The Best Way To Foster Innovation

You knew that I was going to say this: the research shows that the best way to achieve continuous innovation over time is to hire and cultivate talented people. As always, this is something that is easy to say, but very hard to do.

The reason that taking the time and investing the money in your staff is the best way to foster long term innovation is because this approach allows an IT department  to to have more control over their IP and creates a steadier pipeline of innovation since no outside partners are being relied on.

To improve the odds of this approach working, the best IT departments build teams that are made up of both star and non-star employees. This allows the stars to look for new ideas while the non-stars turn ideas into successful products. Once again, you can see that although this is a powerful idea, it takes some serious CIO management skills to make it happen.
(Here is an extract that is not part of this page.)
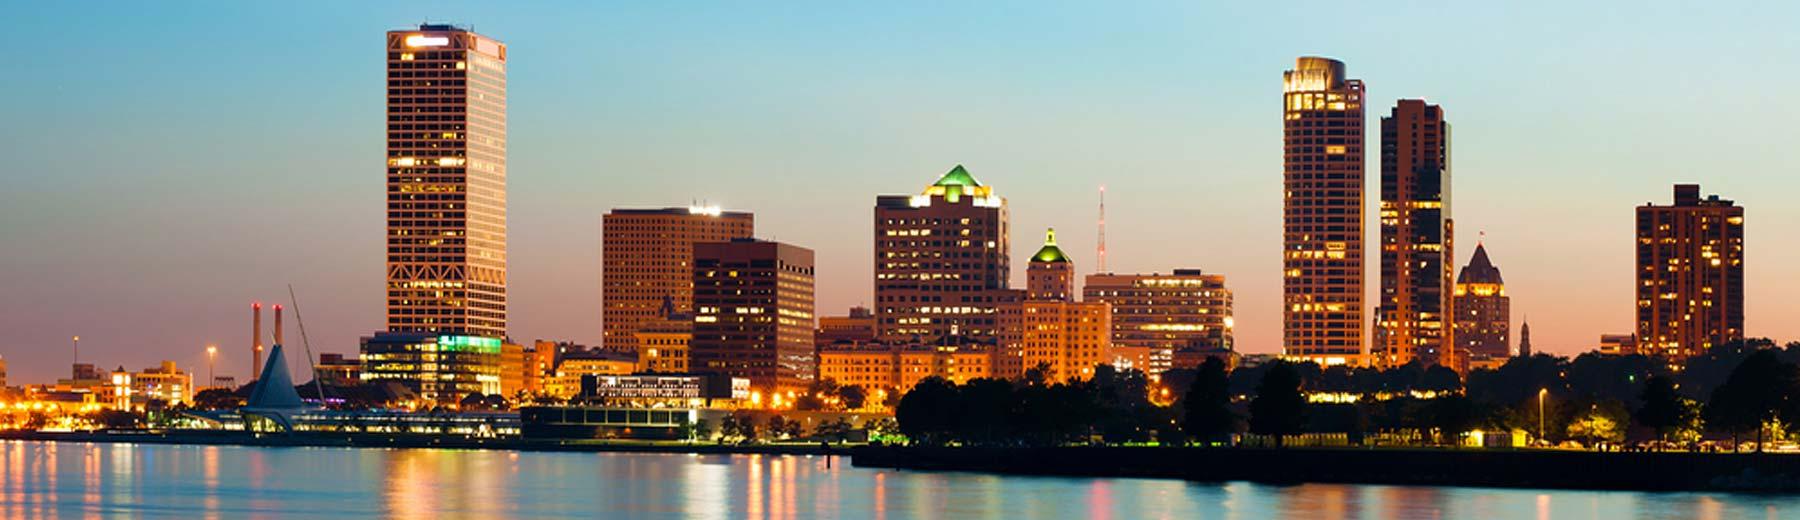 cityscape-lauenstein-associates-commercial-appraisal

How To Combine Innovation Techniques

When a CIO decides that innovation must be boosted, all too often they will start throwing money at a variety of different techniques without fully understanding how they will (or won’t) work together.

For example, investing money in creating alliances is often done to create the same type of knowledge that companies can get from investing in their own people.

CIOs that invest in both approaches end up wasting money because of the overlap. The key question that a CIO needs to answer before perusing an alliance on top of developing star and non-star employees is to understand what key assets will be gained through the alliance that he/she can’t get from  their own employees.

Dr. Rothaermel and Dr. Hess have discovered that the two approaches that work the best together are alliances and acquisitions. CIOs that take the time to  form a joint venture with a vendor partner company before trying to buy it gives the CIO critical inside information on the target firm.

It turns out that both alliances and internal R&D spending also complement each other. Internally developed knowledge allows CIOs to better understand what market areas will become promising and this allows them to invest in the most promising alliances.

Final Thoughts

There is saying that goes “there is nothing new under the sun.” This holds true for CIOs that are seeking to boost the innovation in their departments.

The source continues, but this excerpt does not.